- **Raw data**:
=== Begin Enclosure ===

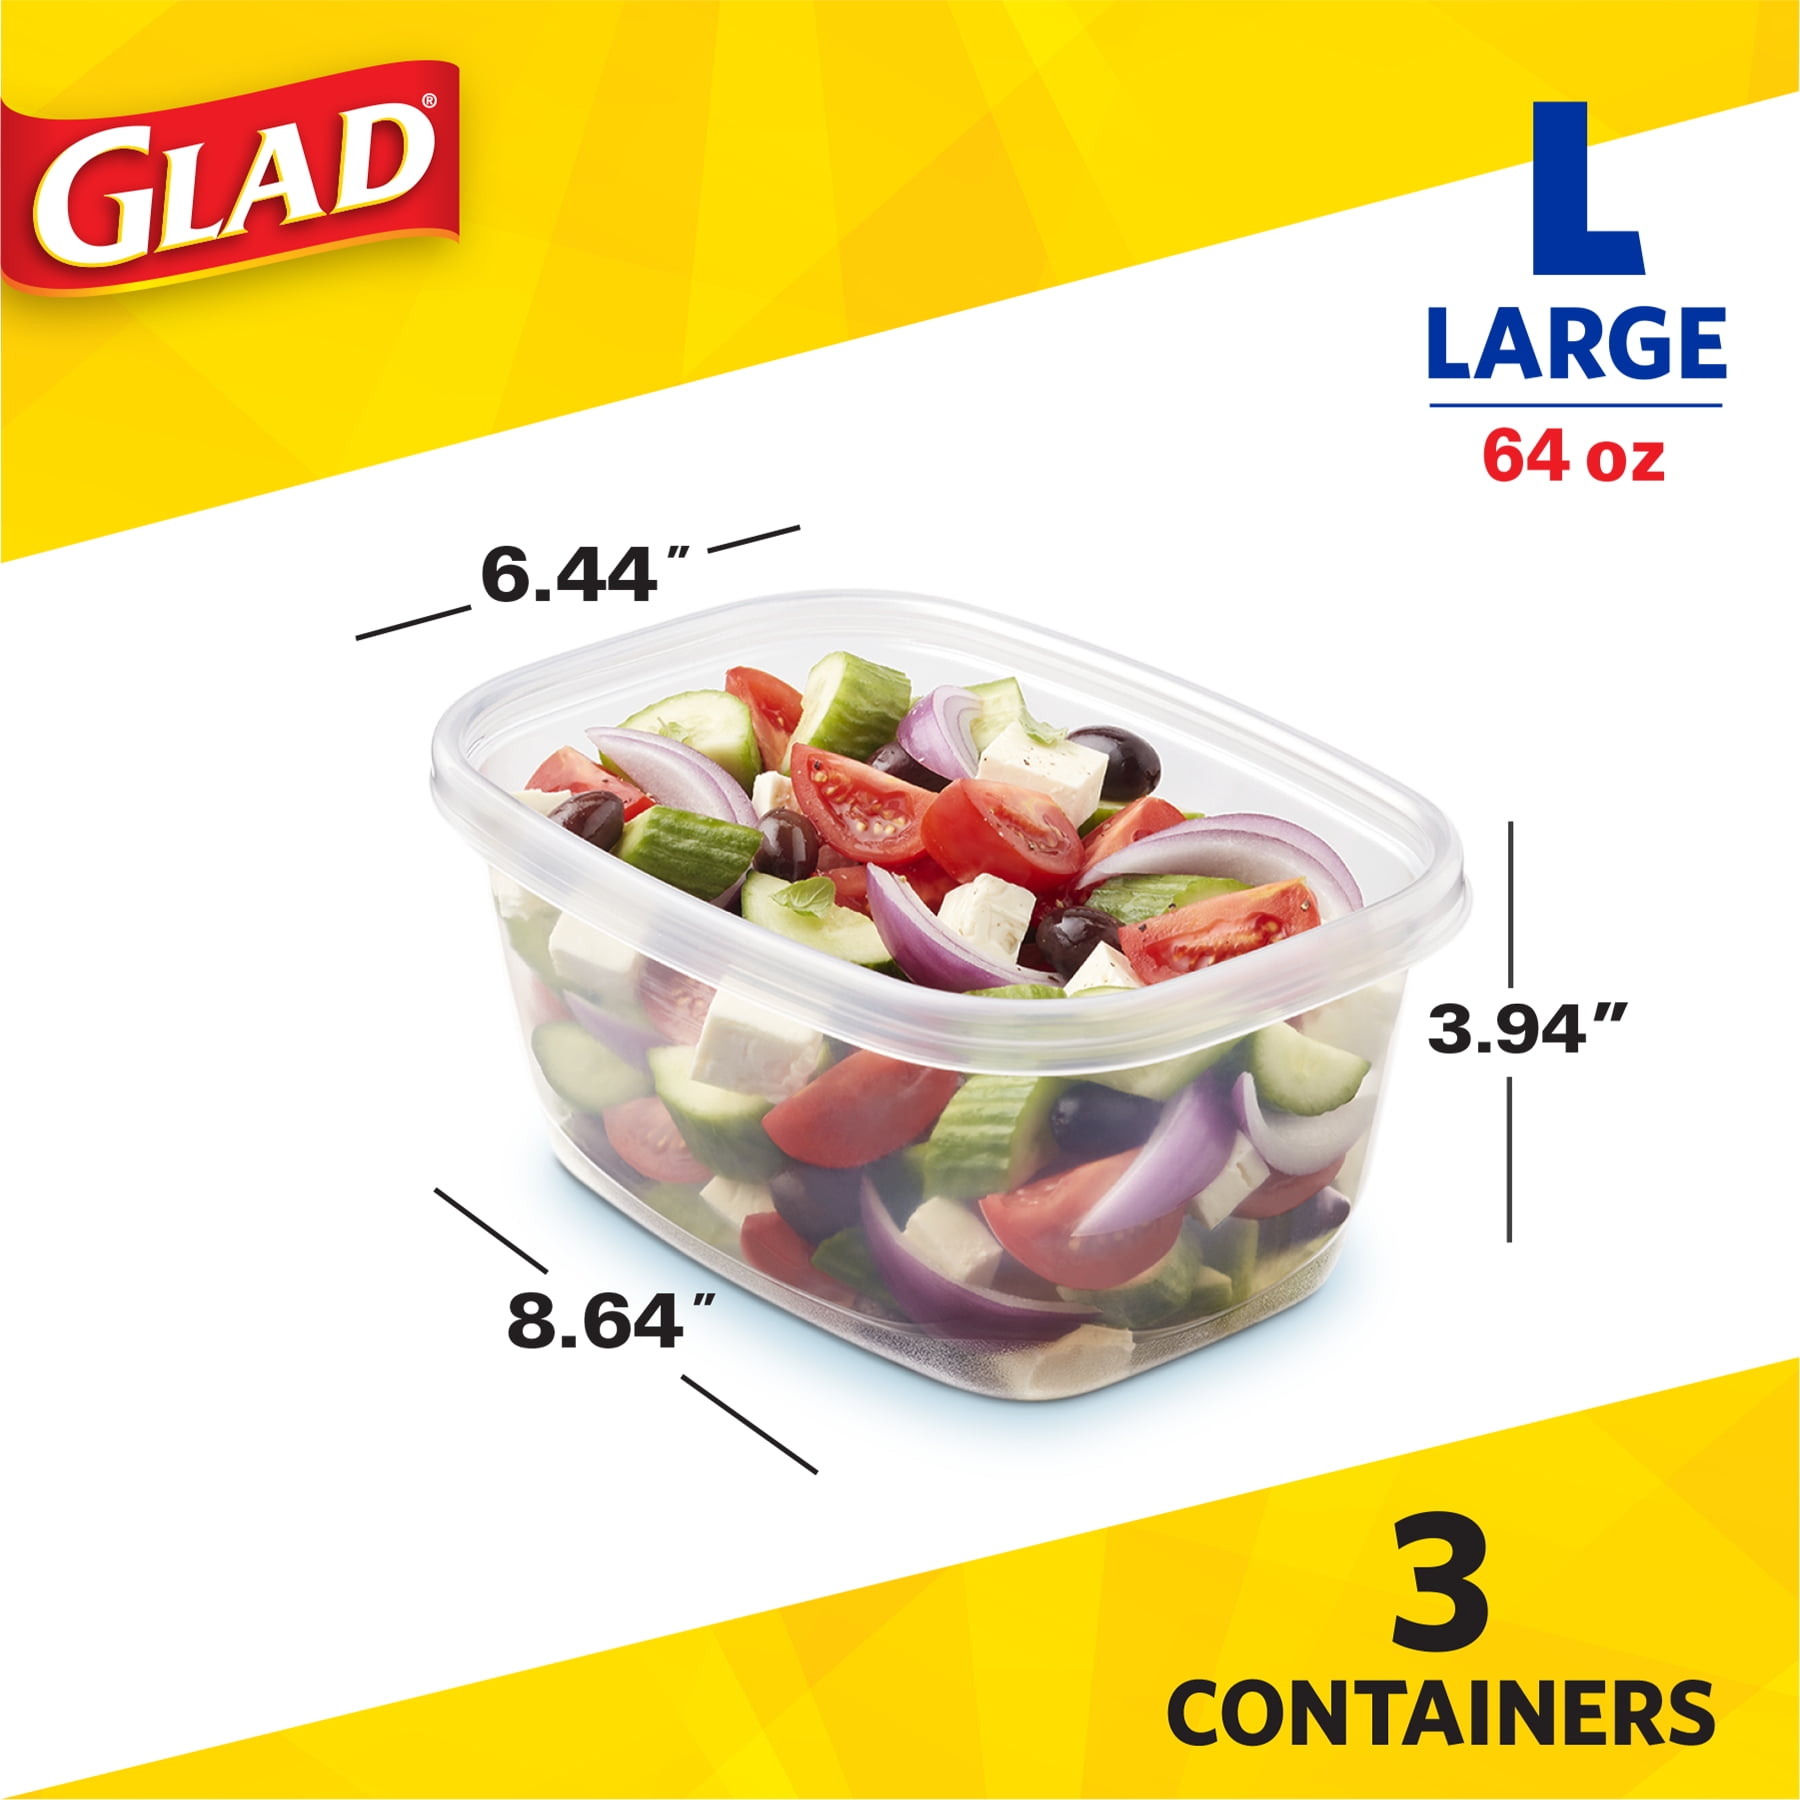 Glad Food Storage Containers - Big Bowl Container - 48 oz - 2 Containers 
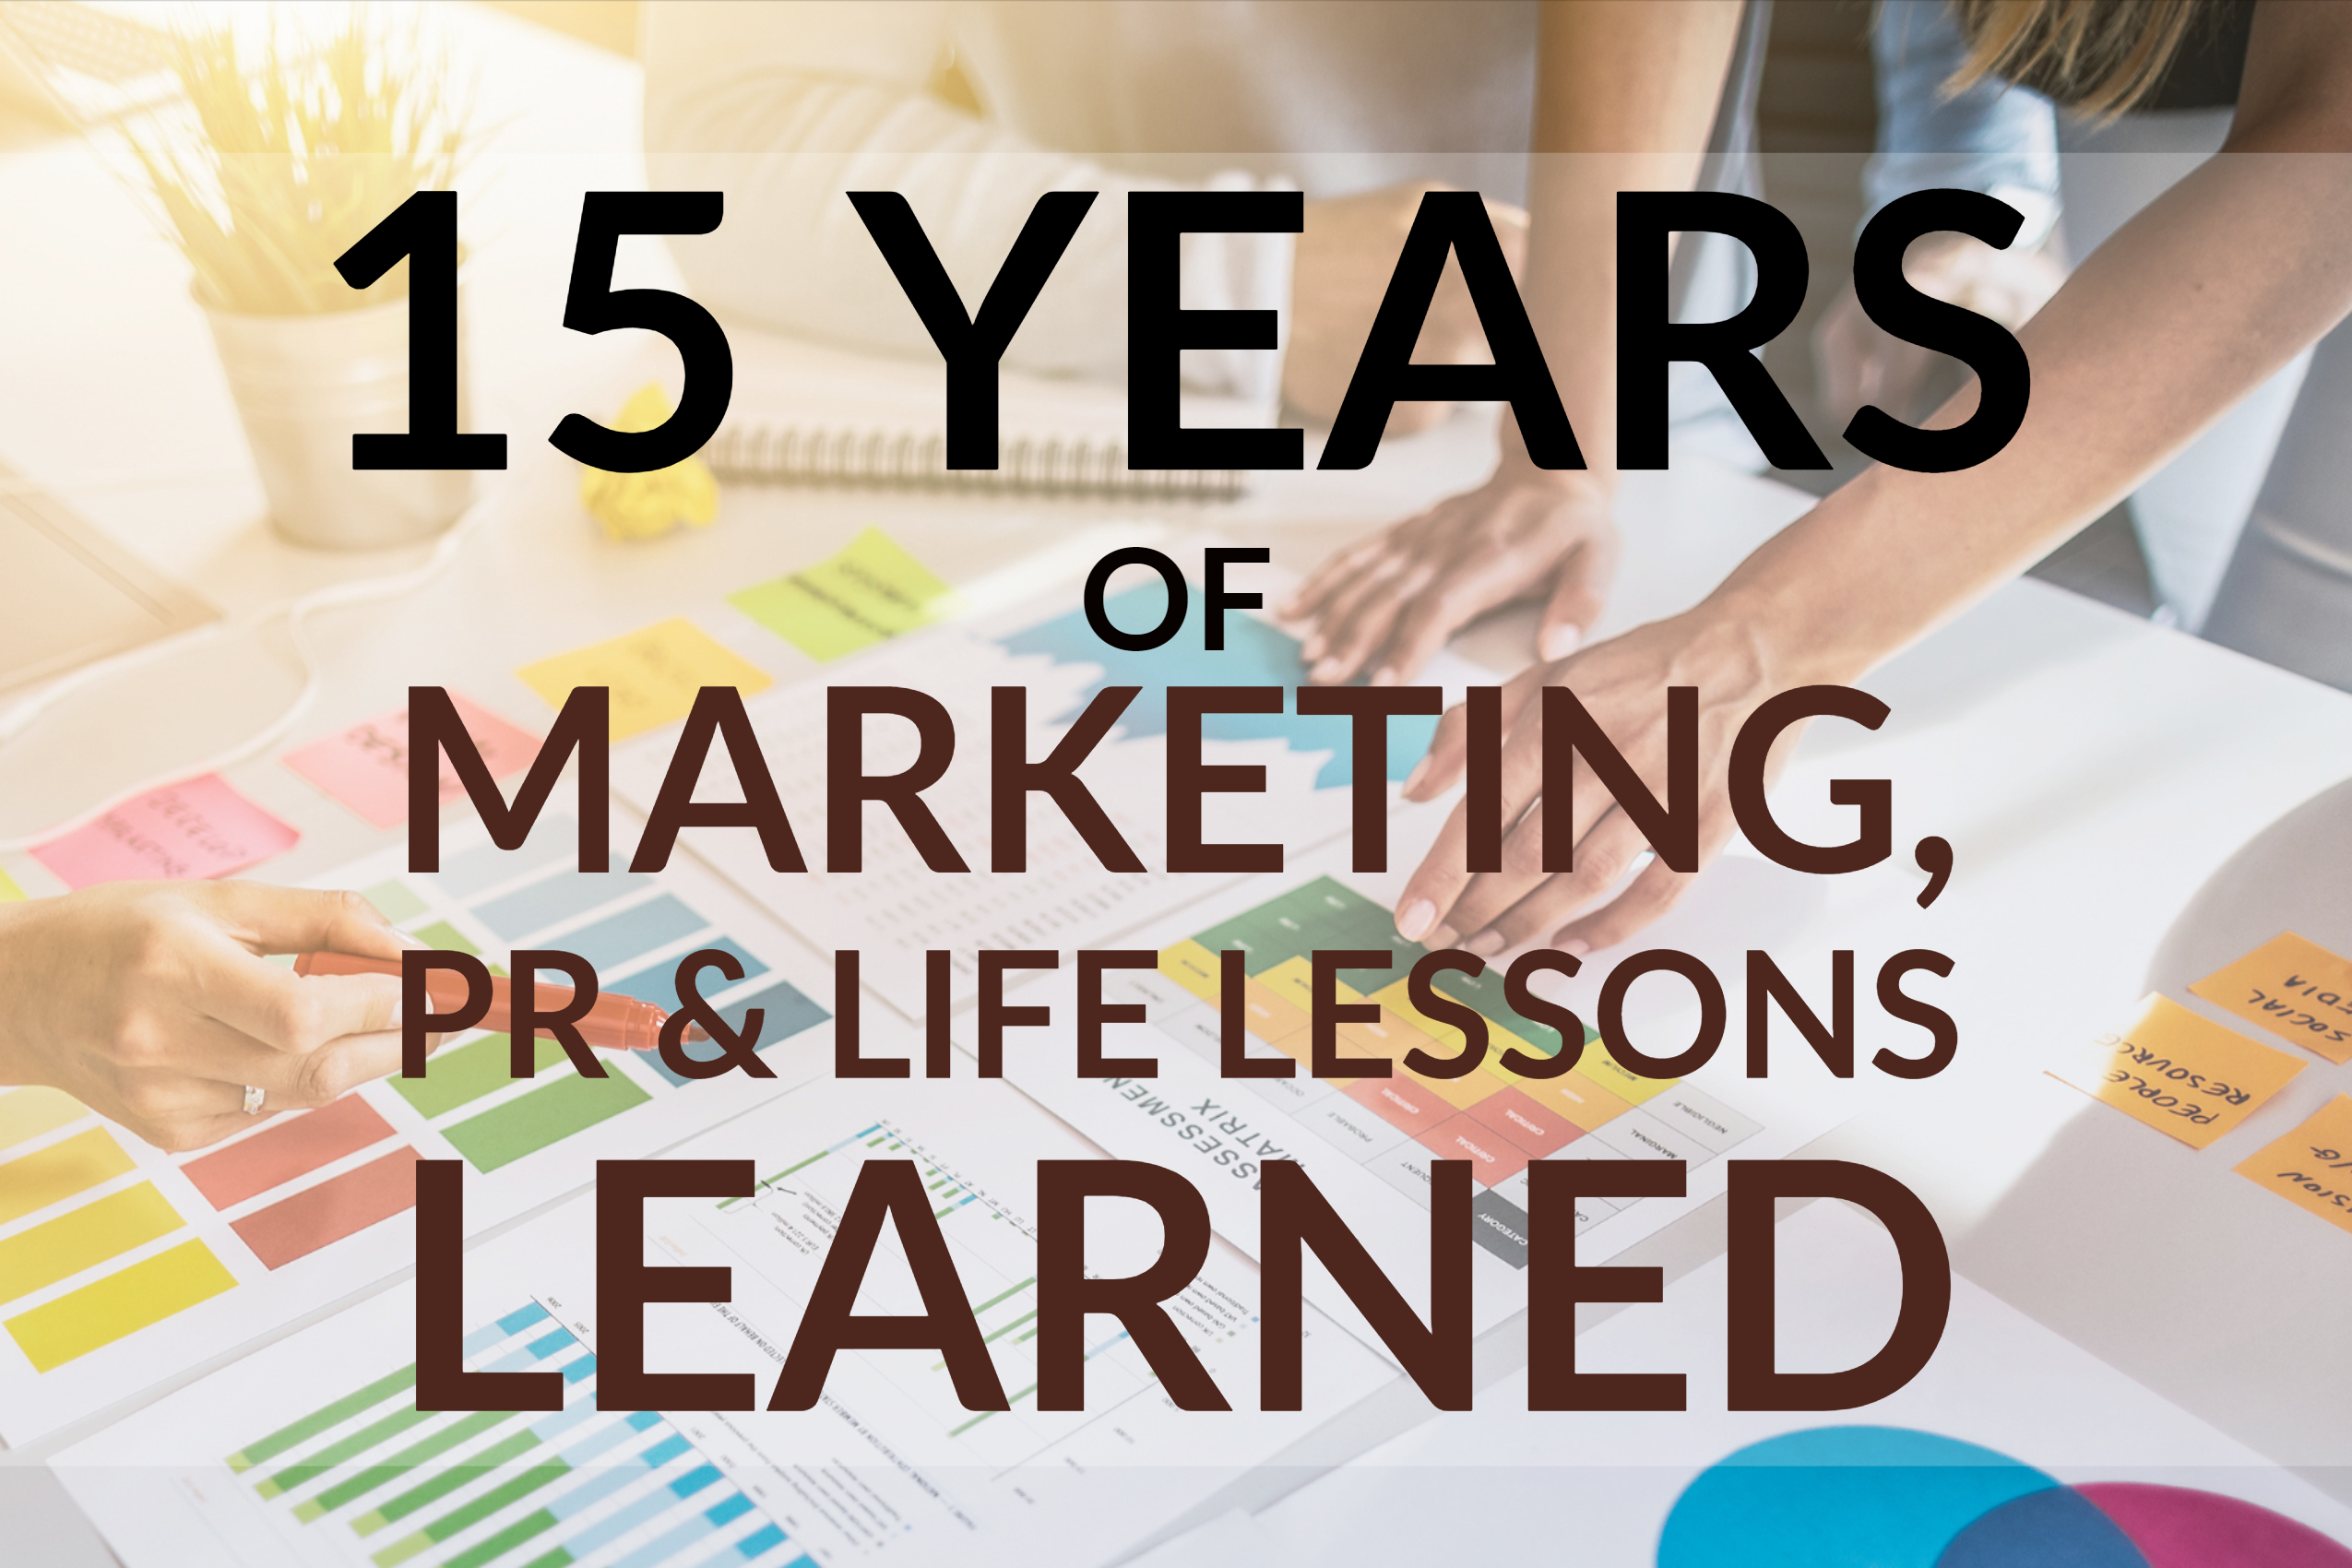 15 Years Of Marketing, PR & Life Lessons Learned
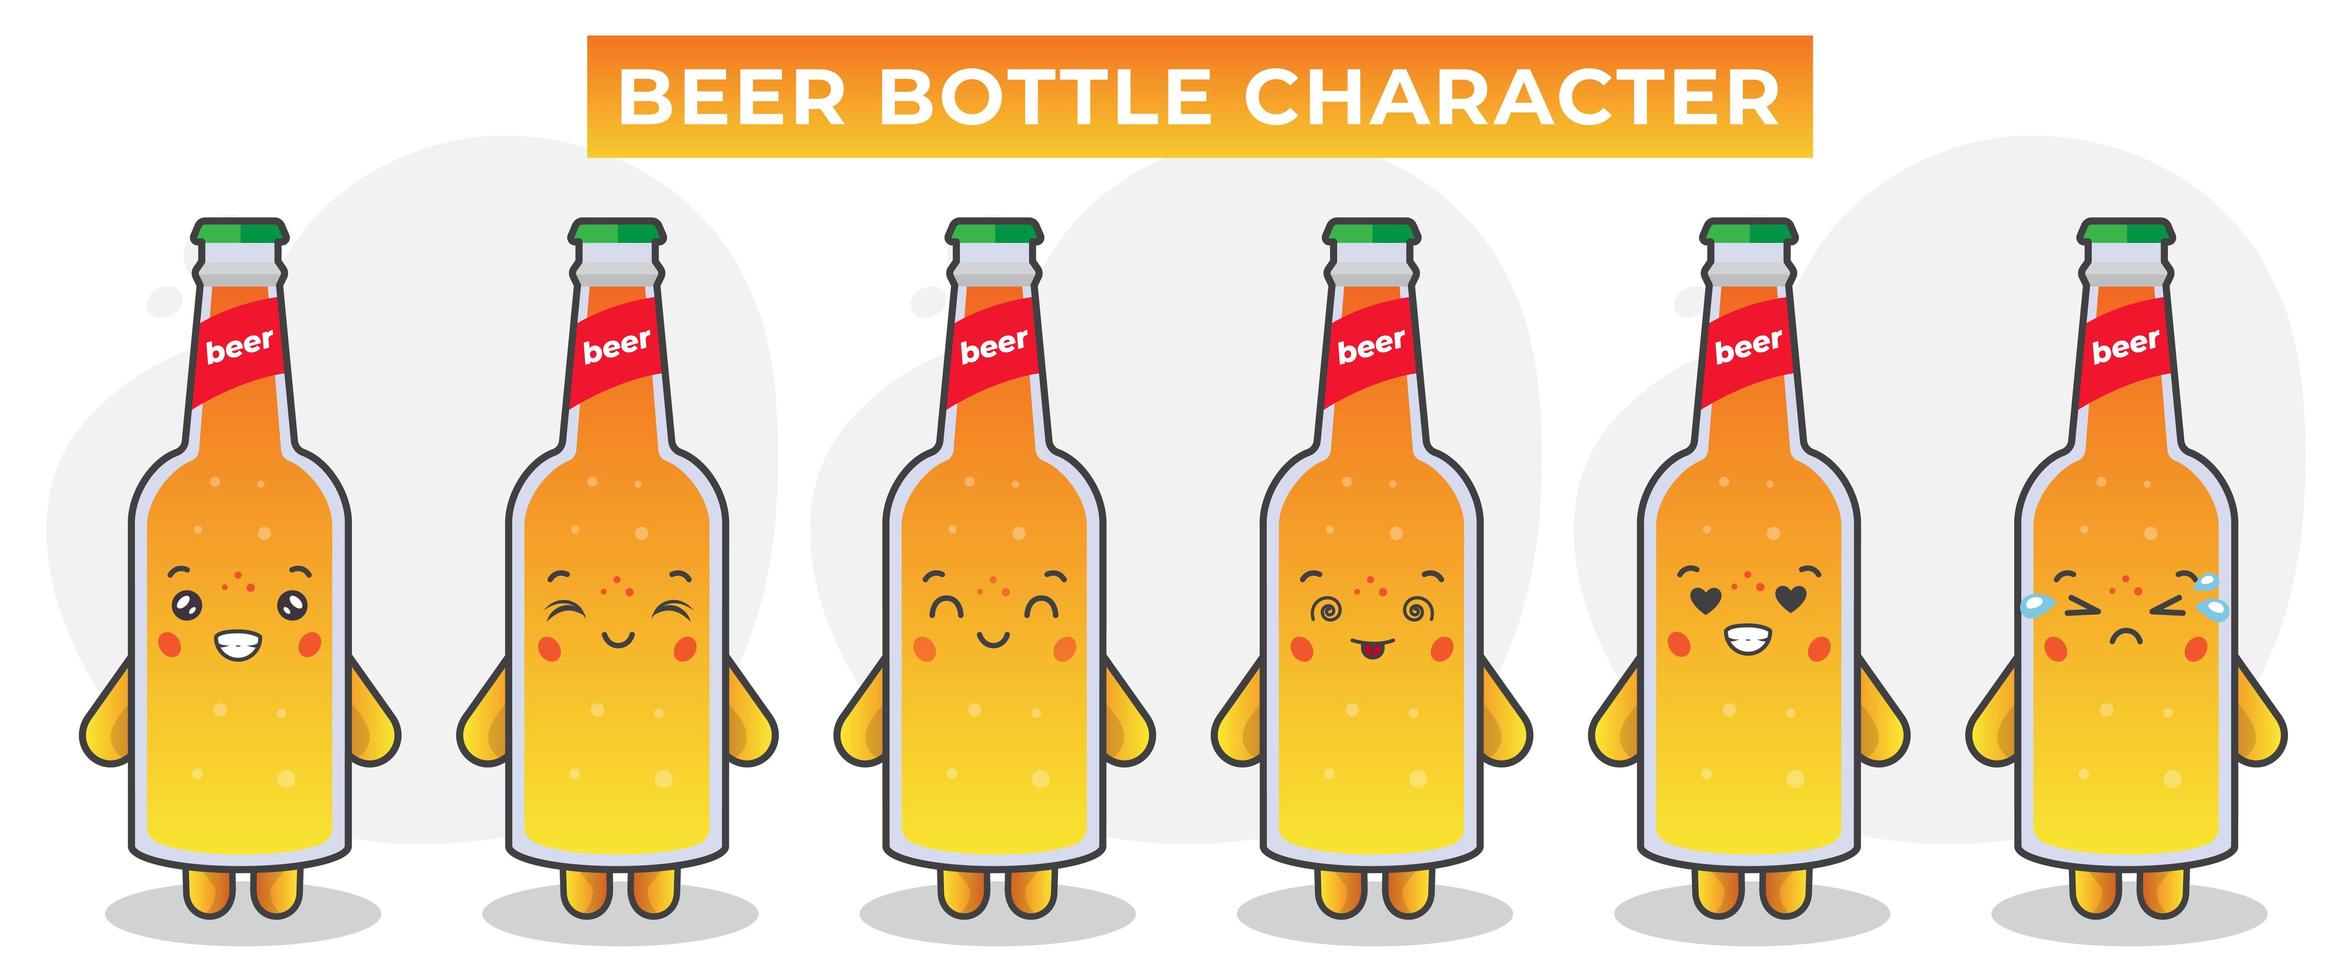 Cute Beer Bottles With Various Expressions vector

=== End Enclosure ===

Transcribe all of the data above exactly; no picture belongs in the copy.

- **Result of this task**:
 Glad Food Storage Containers - Big Bowl Container - 48 oz - 2 Containers 
 15 Years Of Marketing, PR & Life Lessons Learned
 Cute Beer Bottles With Various Expressions vector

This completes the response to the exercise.